Die Selbstreinigung setzt nach § 125 GWB im Wesentlichen voraus, dass das Unternehmen (1) den durch eine Straftat oder ein sonstiges Fehlverhalten verursachten Schaden ausgleicht, (2) es mit den Ermittlungsbehörden und einem eventuell beteiligten öffentlichen Auftraggeber umfassend bei der Aufdeckung der Straftat oder dem Fehlverhalten kooperiert sowie insbesondere (3) konkrete technische, organisatorische und personelle Maßnahmen ergreift, um weitere Straftaten oder weiteres Fehlverhalten zu vermeiden. Damit sind insbesondere Compliance-Maßnahmen angesprochen. 

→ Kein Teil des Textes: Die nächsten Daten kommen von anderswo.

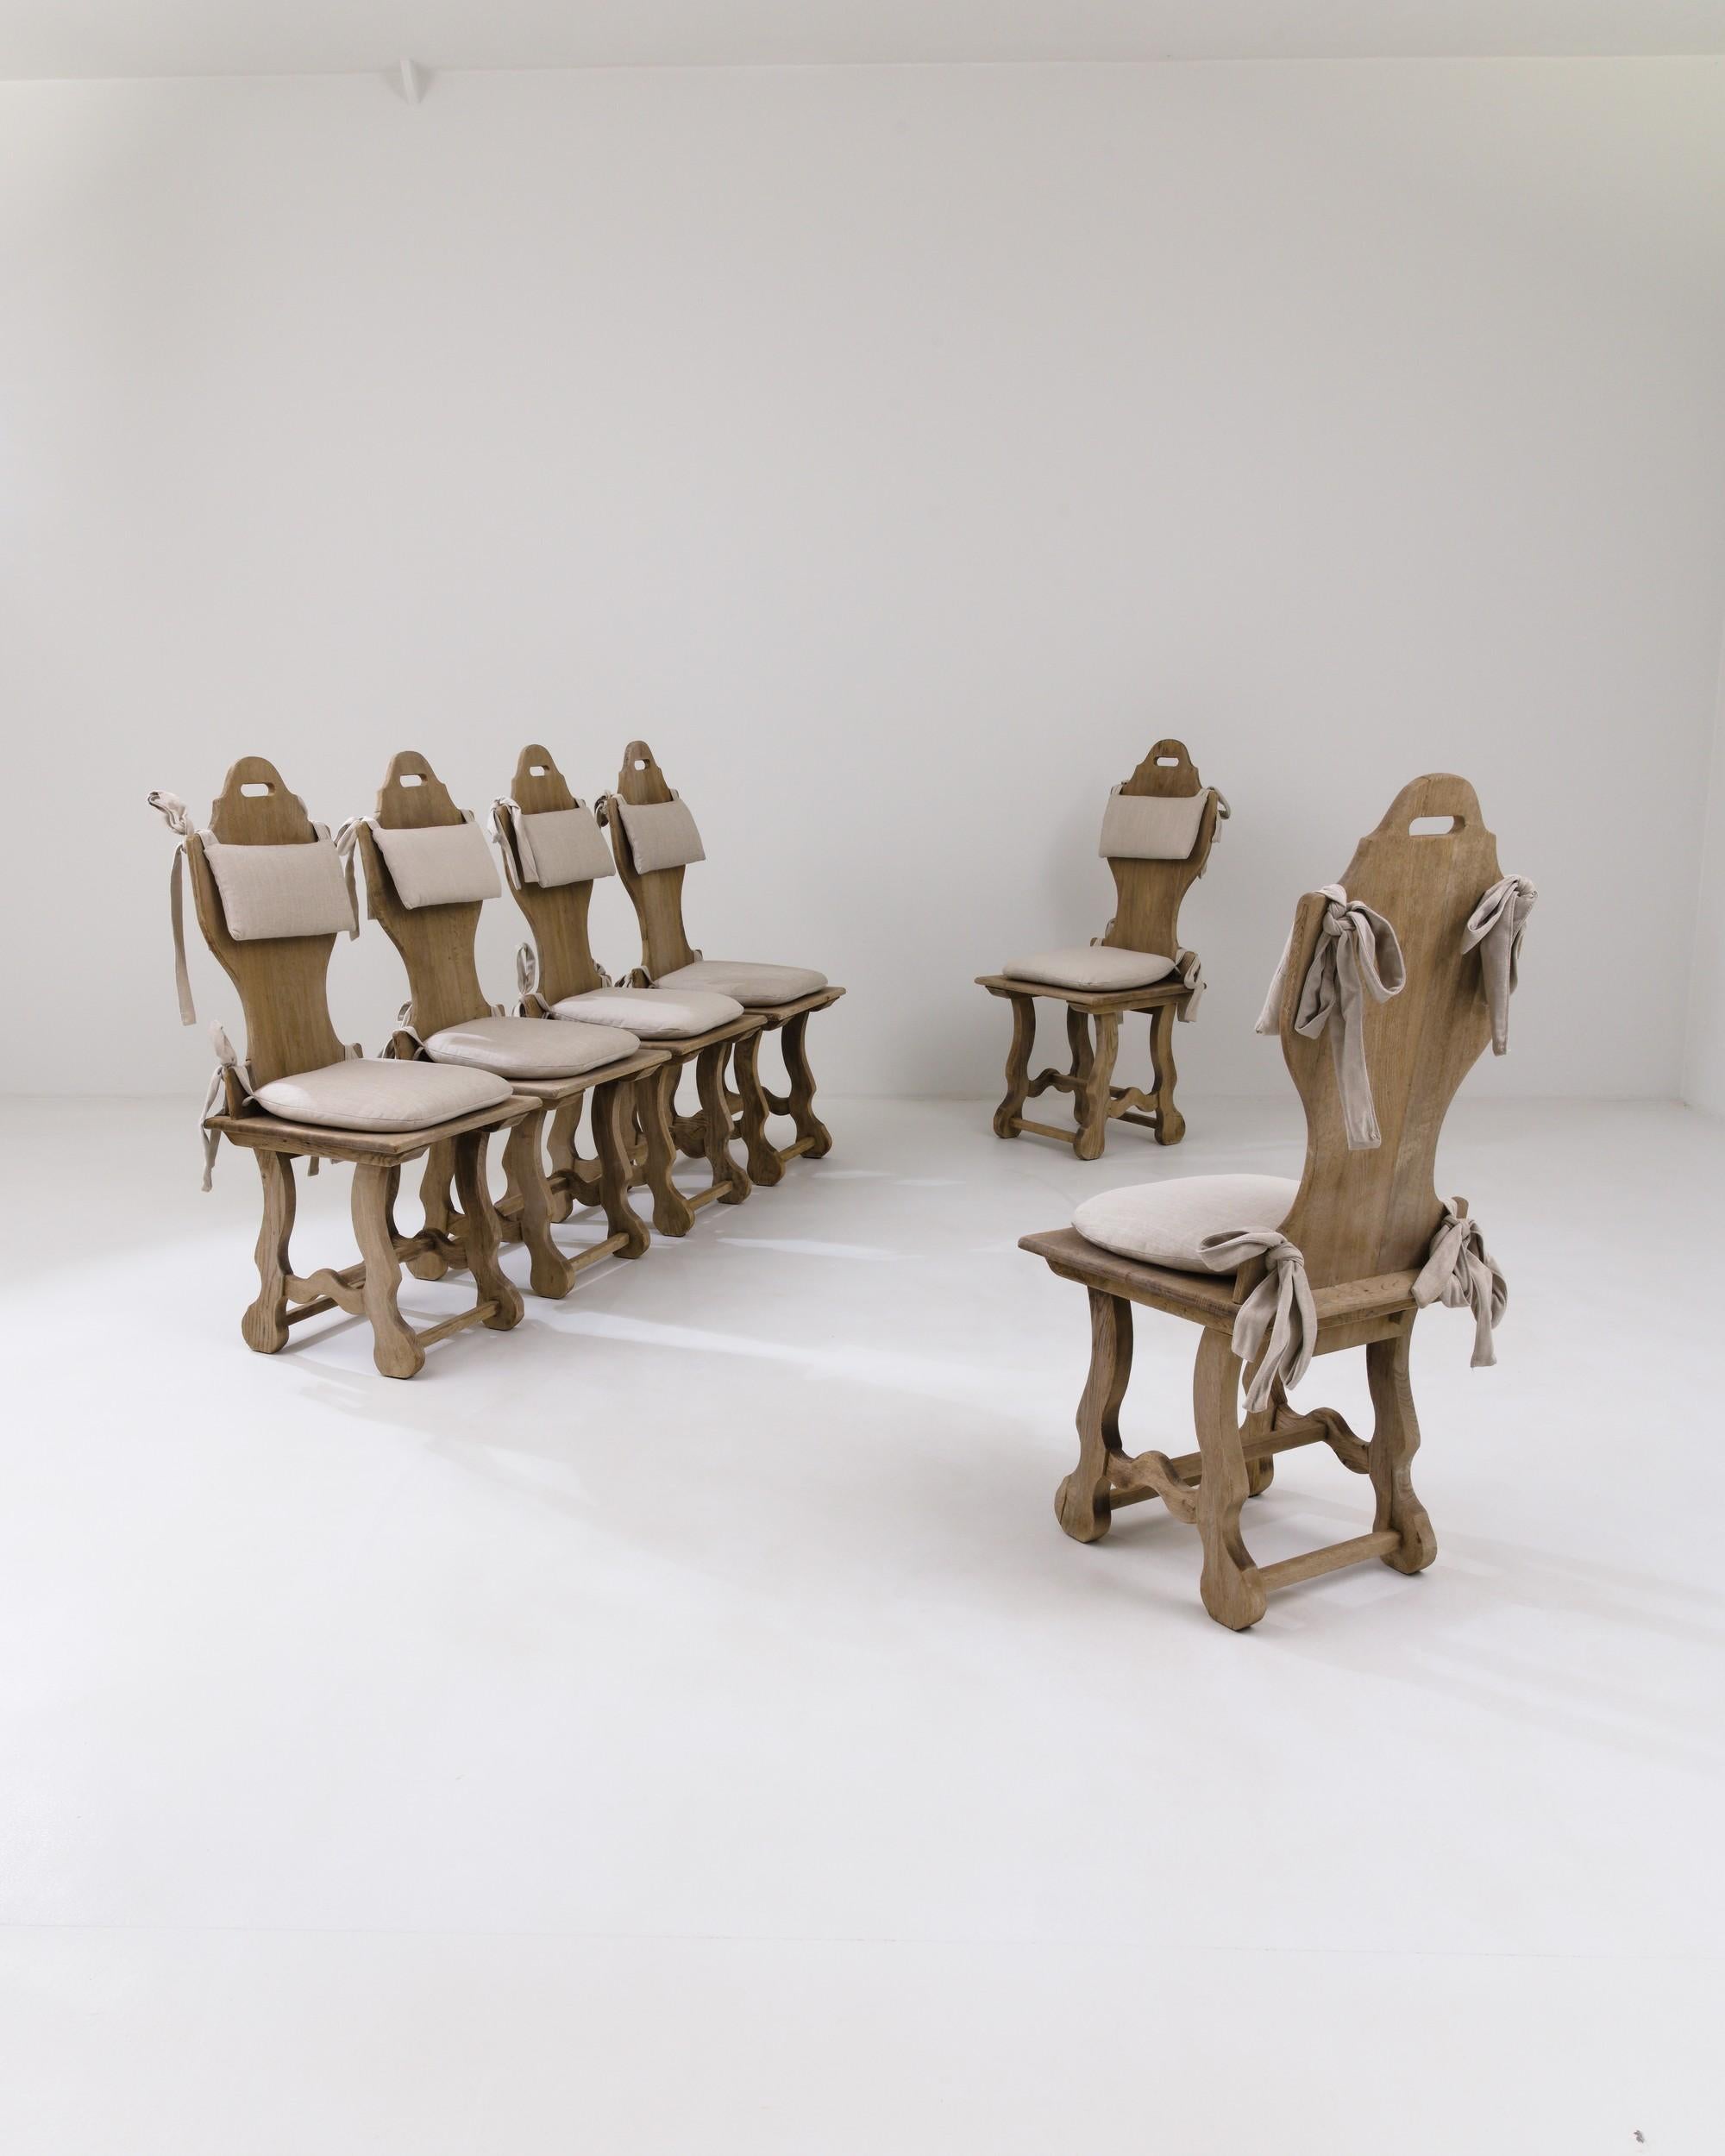 Ensemble de chaises de salle à manger vintage en bois avec coussins d'assise et de dossier, fabriquées en Belgique au 20e siècle. Légères et aérées, mais solidement construites, ces chaises de salle à manger aux formes curieuses et au charme
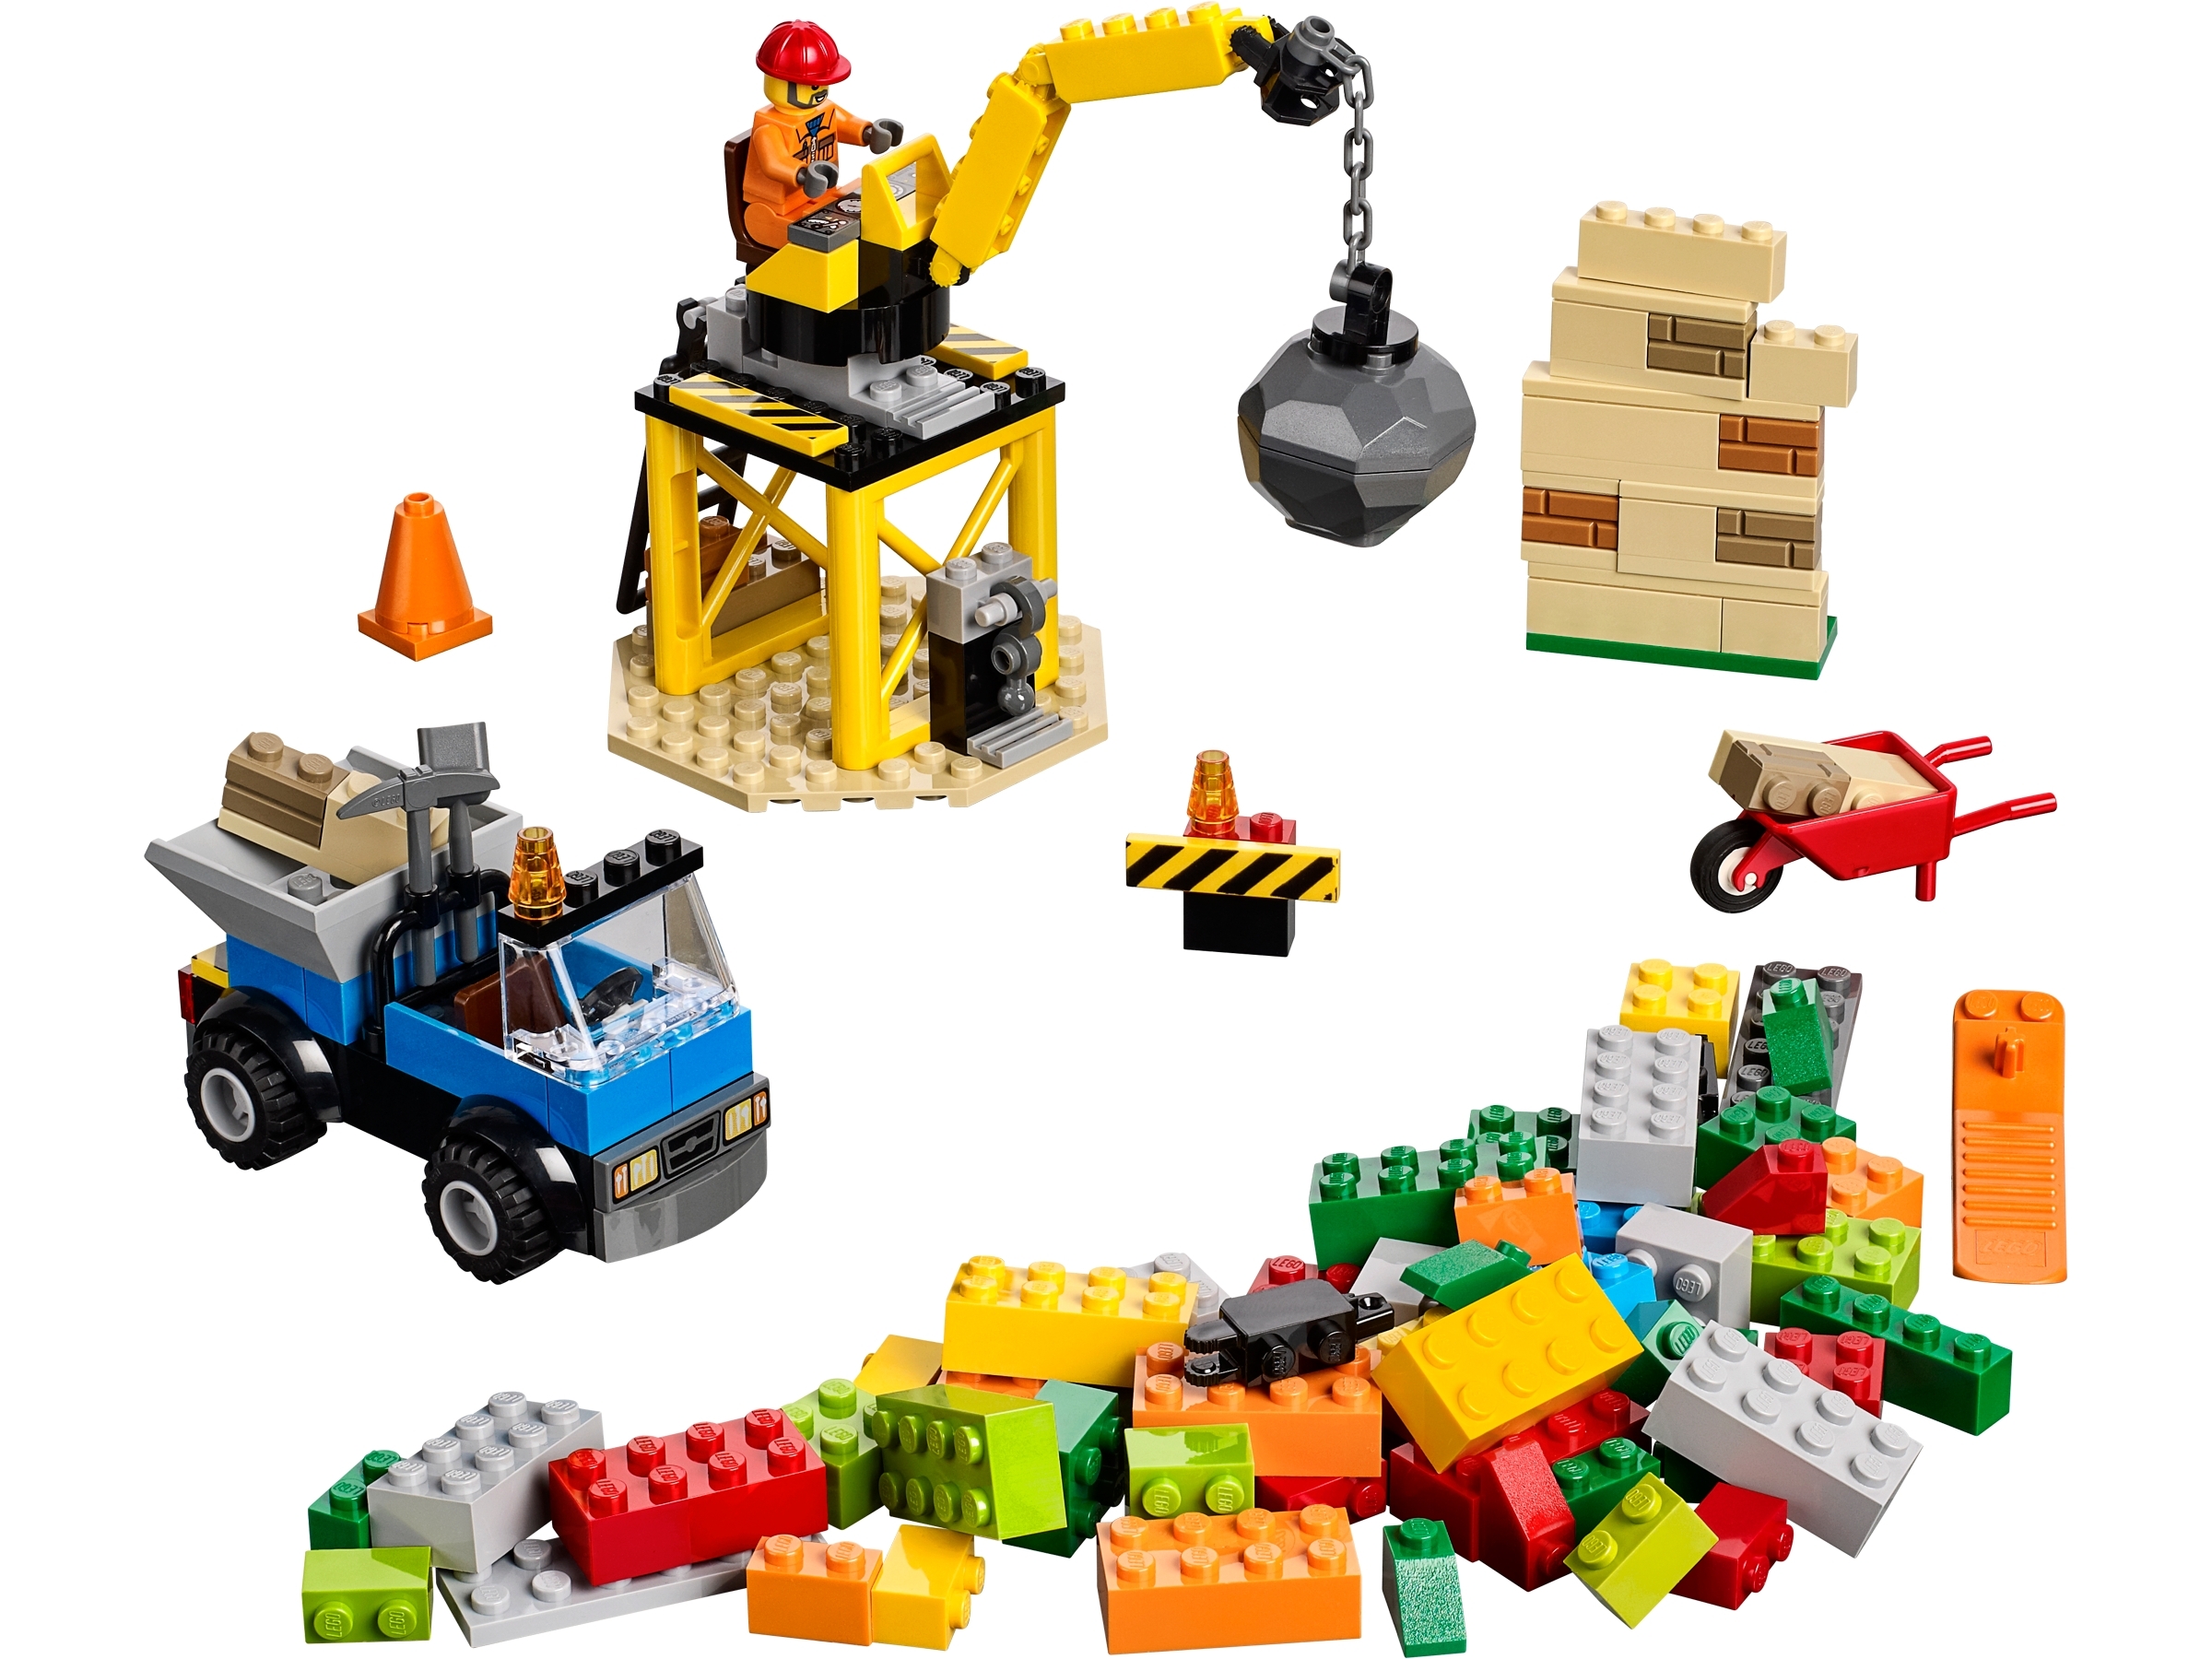 lego junior builders

Ebenso wie der Implementierung kommt der Überprüfung und Verbesserung von Compliance-Management-Systemen erhebliche Bedeutung für eine vorzeitige Löschung eines Unternehmens aus dem Wettbewerbsregister zu.


Ob ein Compliance-Management-System besteht, ist aber auch für die Festlegung der Frist von Bedeutung, nach der die Eintragung regulär gelöscht wird. Denn das Wettbewerbsregistergesetz gibt ausschließlich Maximalfristen vor, hinter denen die Registerbehörde zurückbleiben kann.